▶ **What the exercise asks**
Restate the listing that follows word for word, without its pictures.

▶ **Exercise data**
━━━━━━━━━━━━━━━━

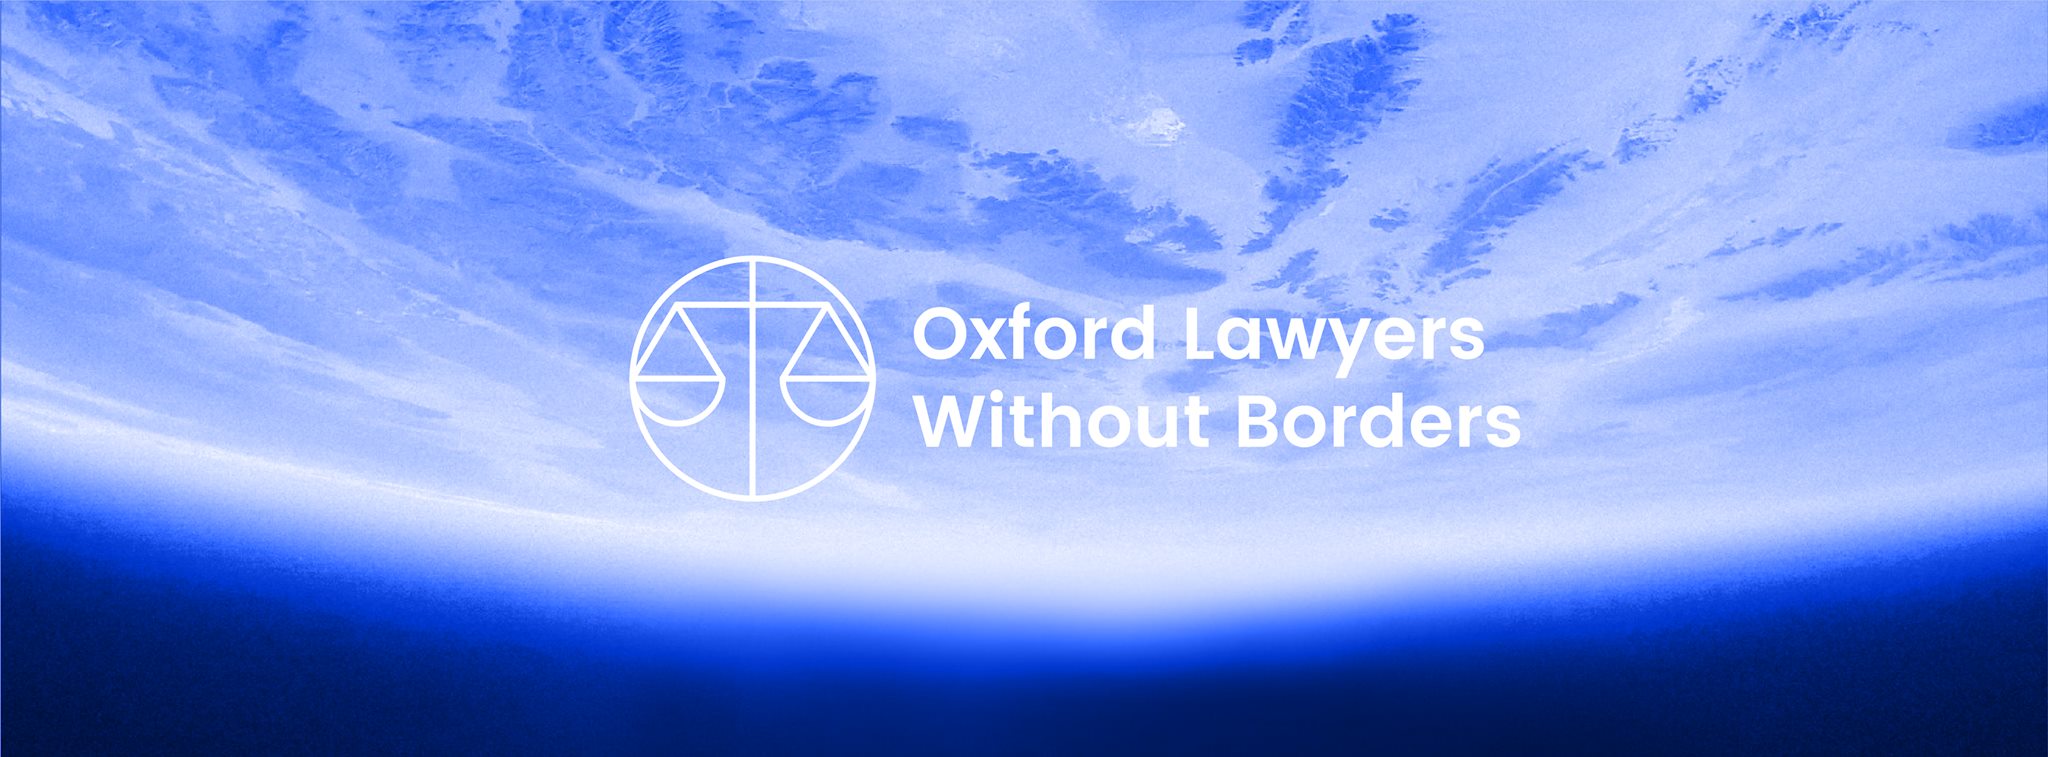 Oxford Lawyers Without Borders logo
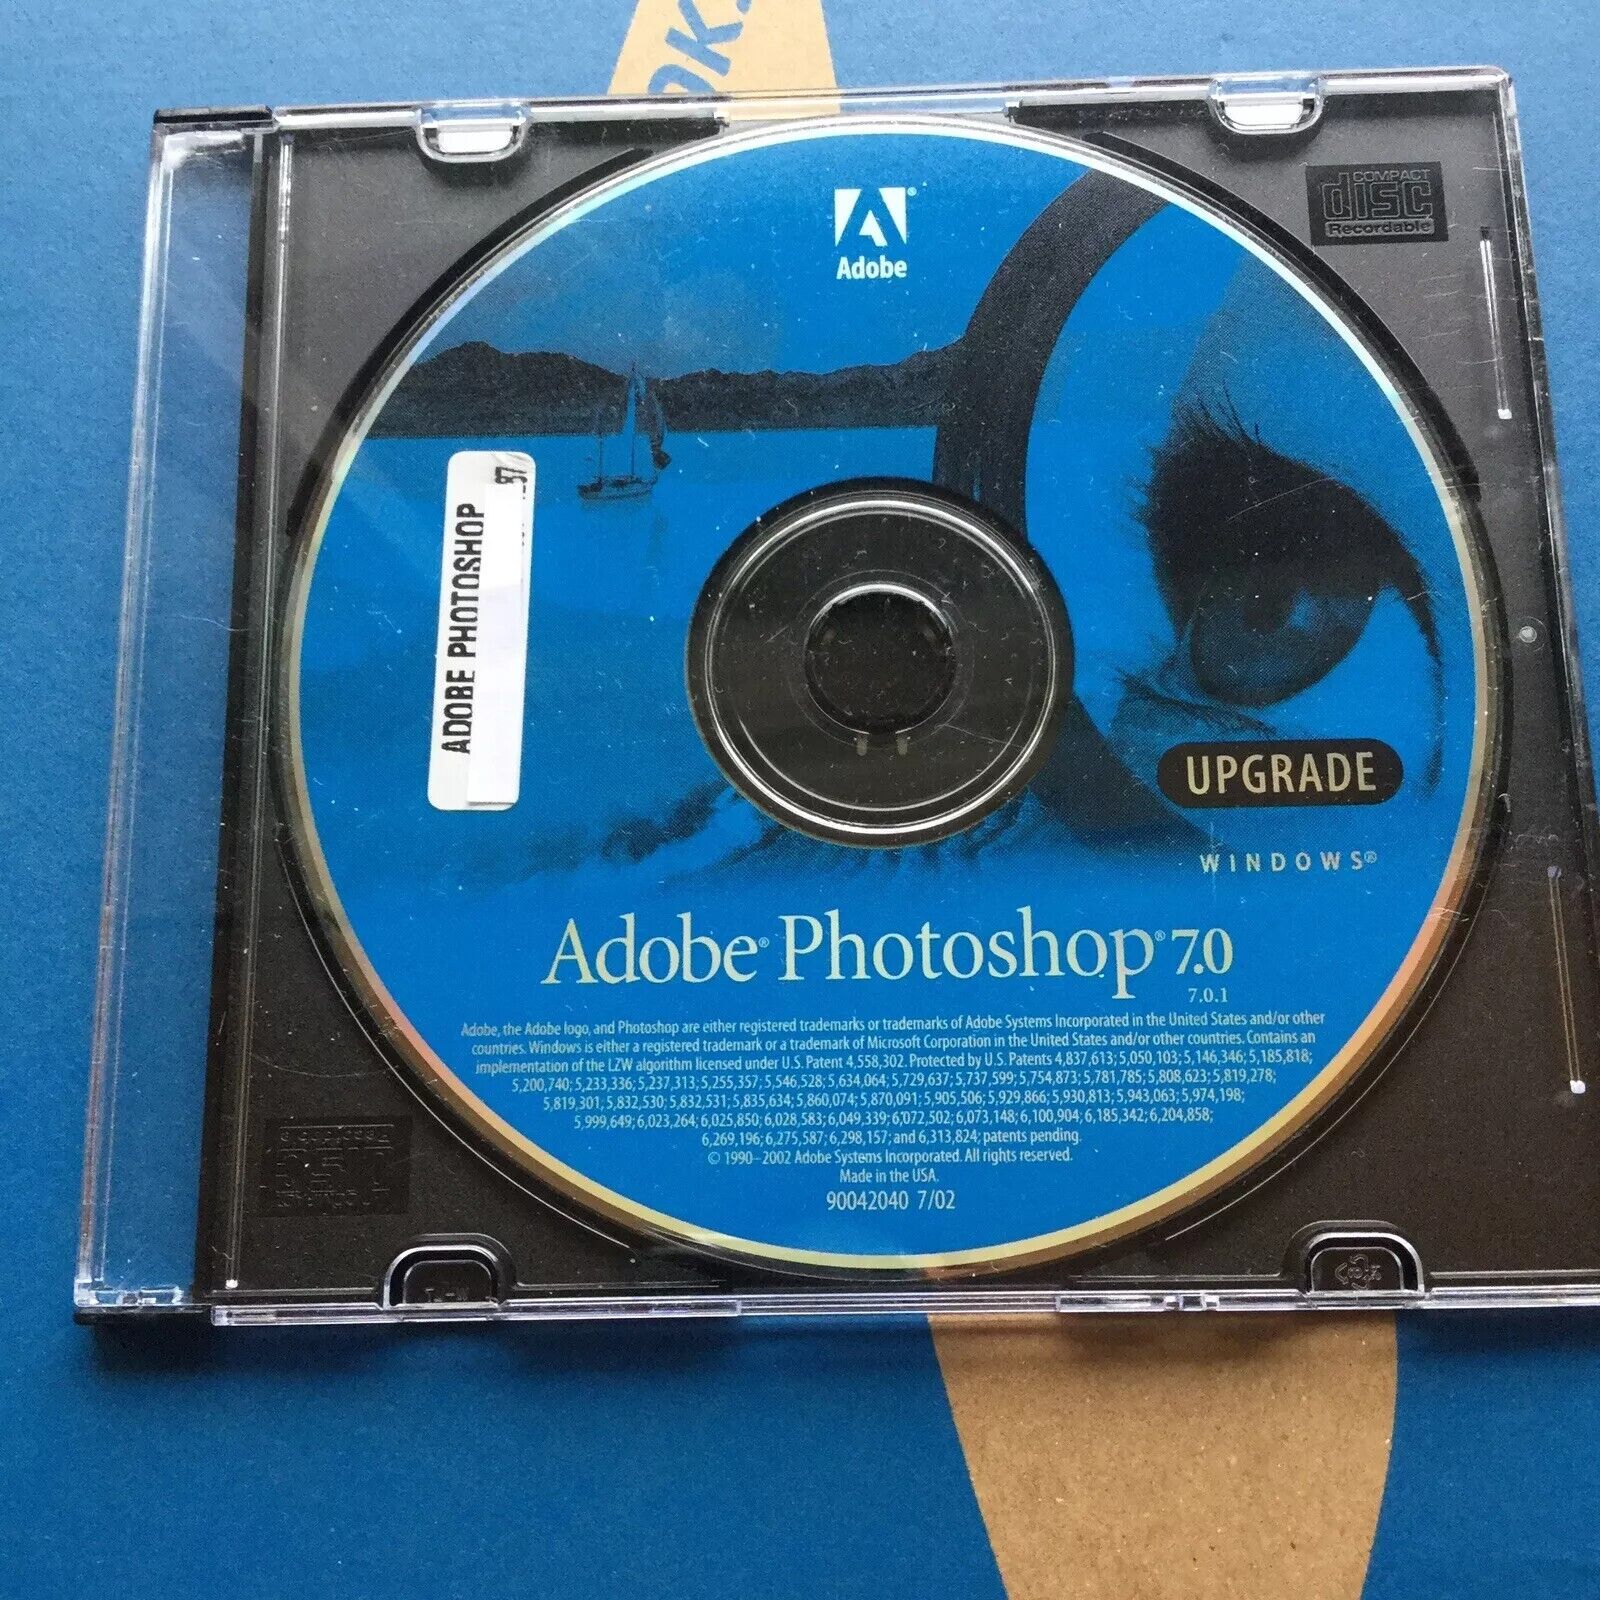 Adobe Photoshop 7.0 7 for Windows Upgrade Disc with Photoshop 5.5 Disc
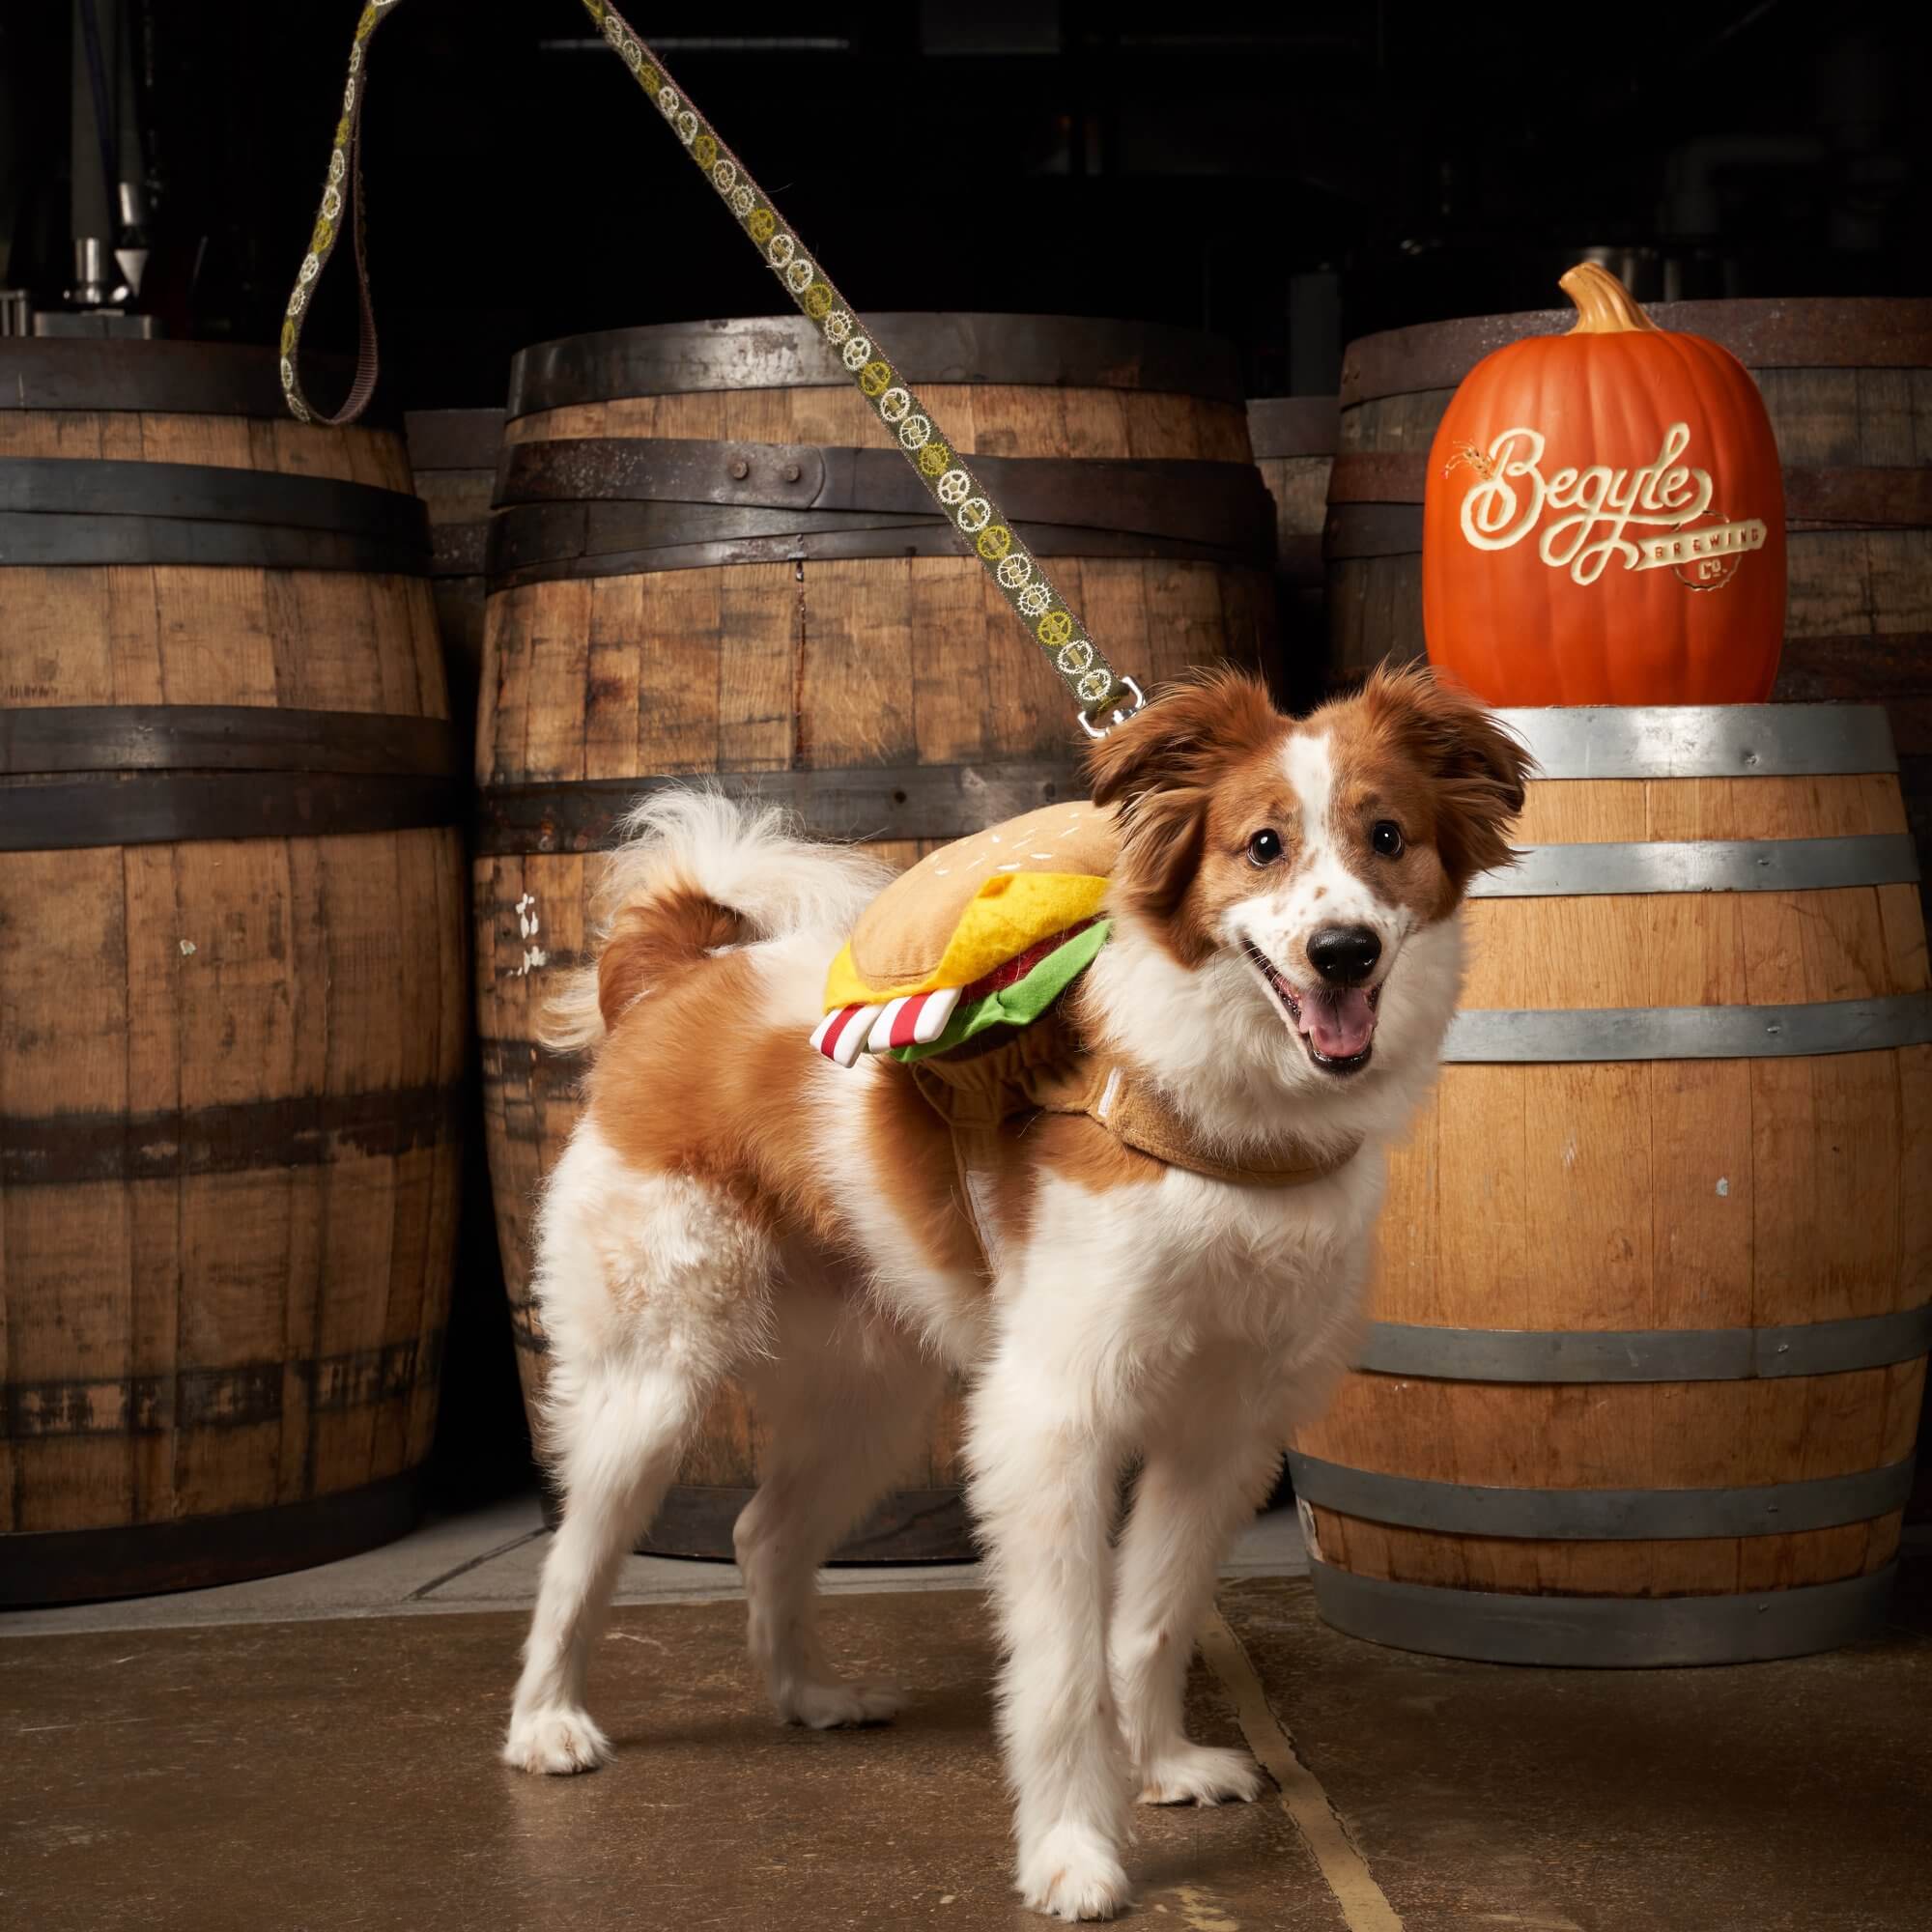 Dog-friendly chicago brewery - Begyle Brewing Co

━━━━━━━━━━━━━━━━

▶ **Solution for this problem**
 Oxford Lawyers Without Borders logo
 Adobe Photoshop 7.0 7 for Windows Upgrade Disc with Photoshop 5.5 Disc
 Dog-friendly chicago brewery - Begyle Brewing Co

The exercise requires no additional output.